## Requirement
Please set down the data again exactly, minus the pictures.

## Recorded data
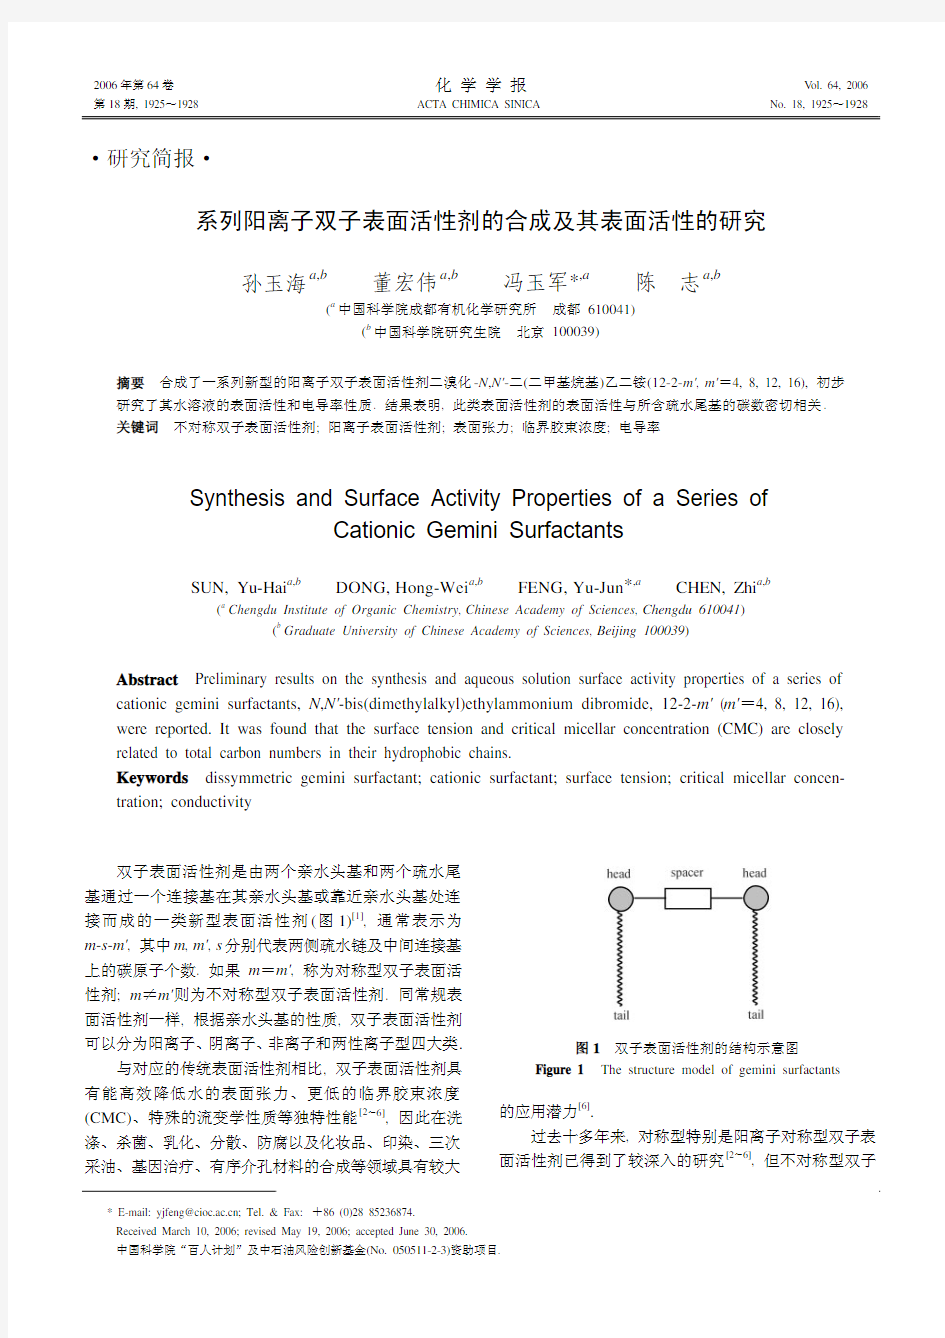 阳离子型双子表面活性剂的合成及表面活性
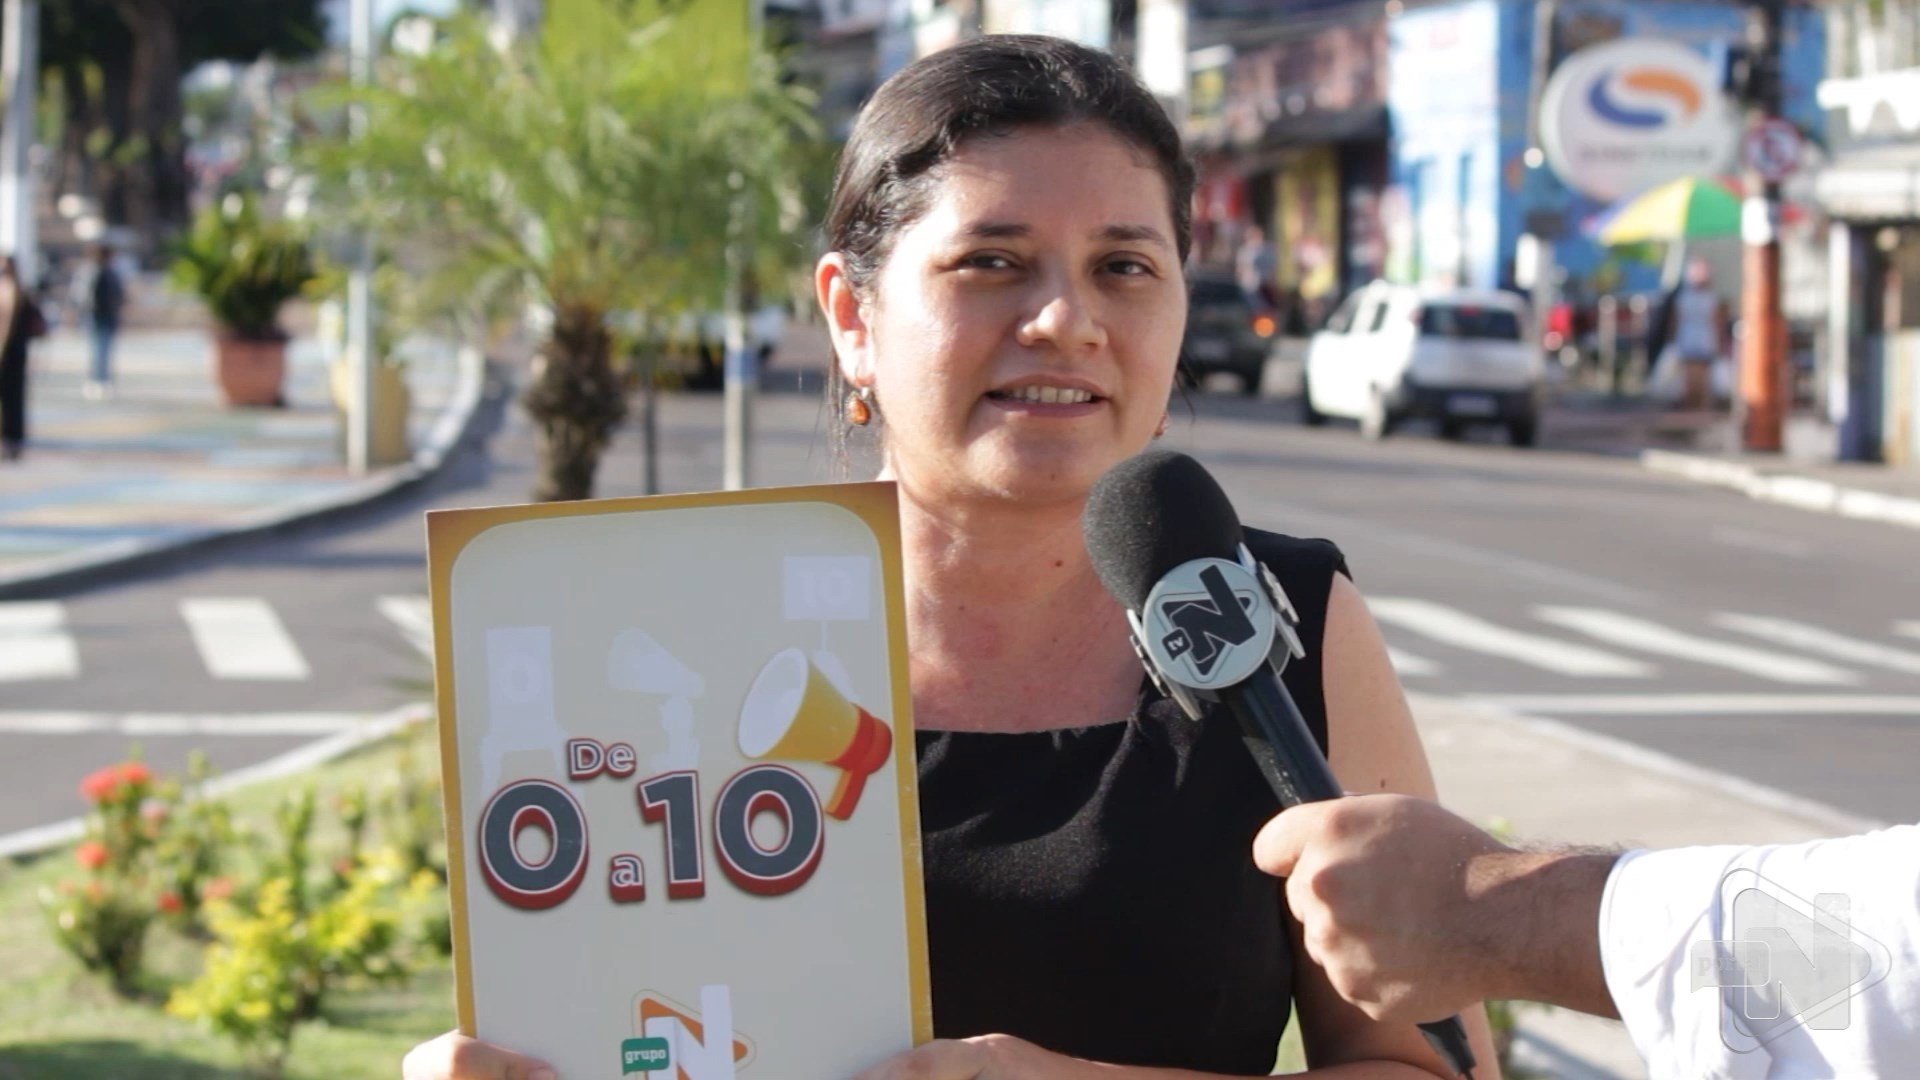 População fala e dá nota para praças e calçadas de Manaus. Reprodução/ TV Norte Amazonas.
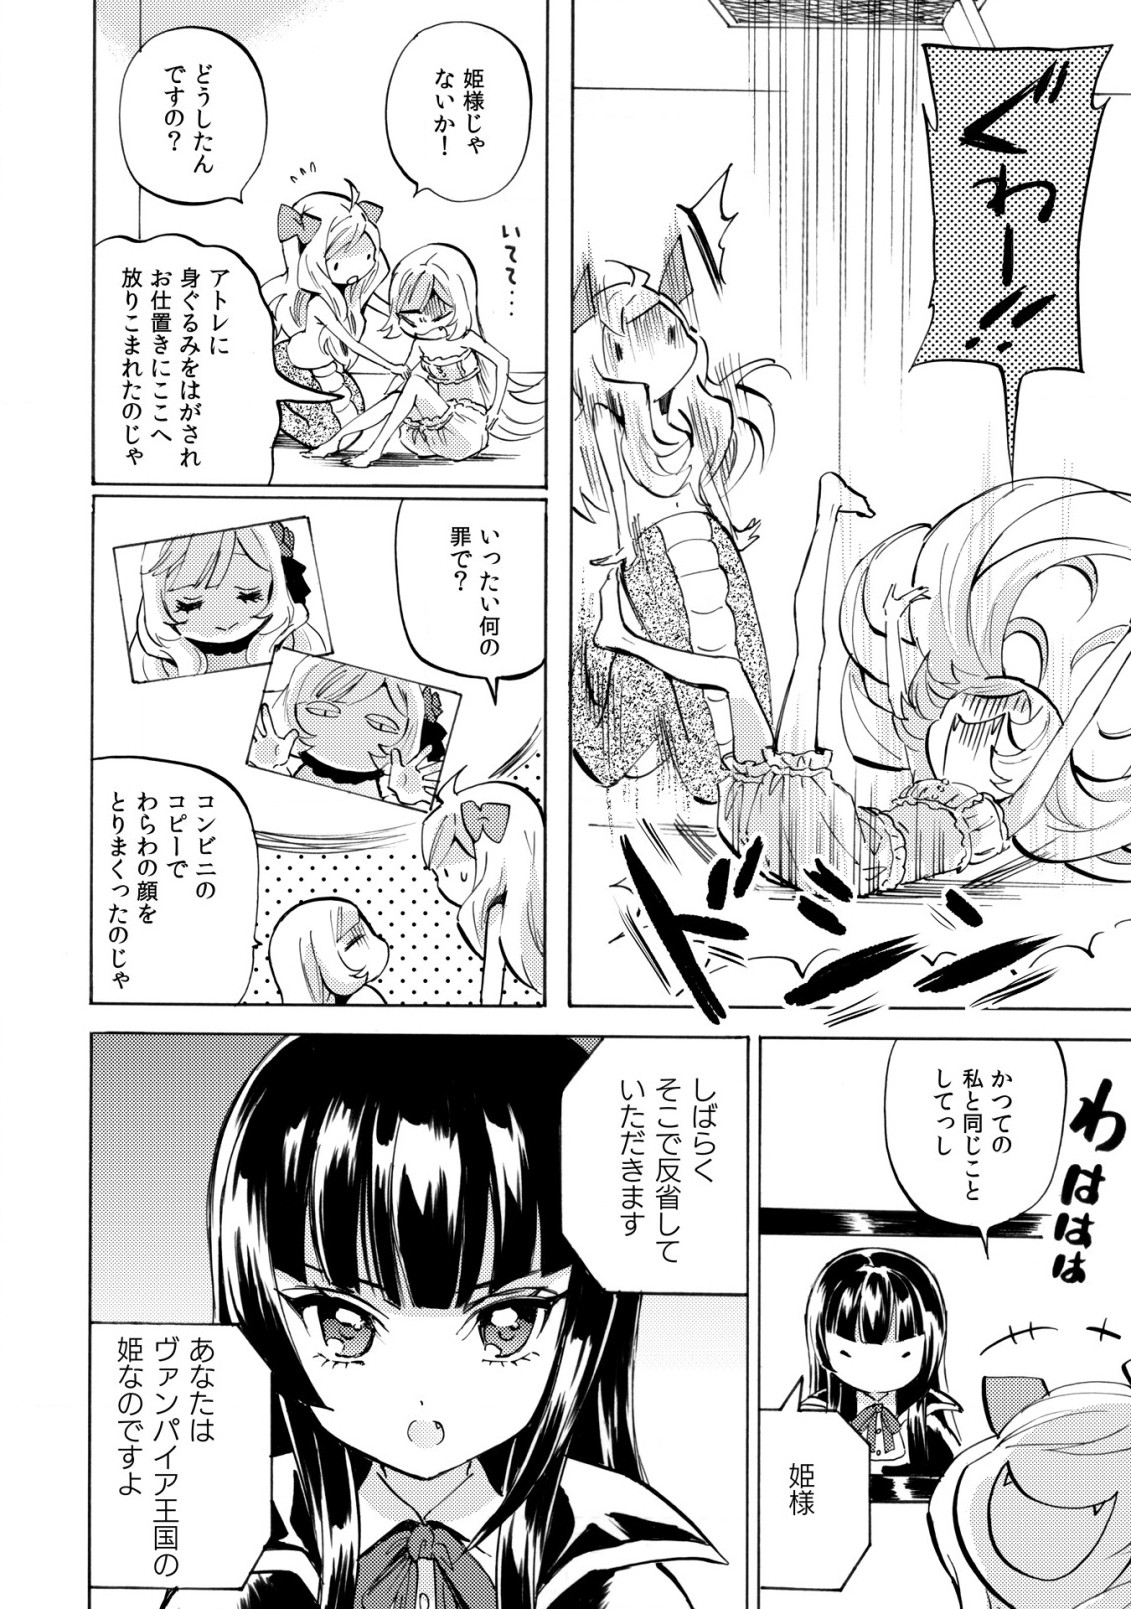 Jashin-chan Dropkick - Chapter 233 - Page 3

## Exercise solution
 阳离子型双子表面活性剂的合成及表面活性
 População fala e dá nota para praças e calçadas de Manaus. Reprodução/ TV Norte Amazonas.
 Jashin-chan Dropkick - Chapter 233 - Page 3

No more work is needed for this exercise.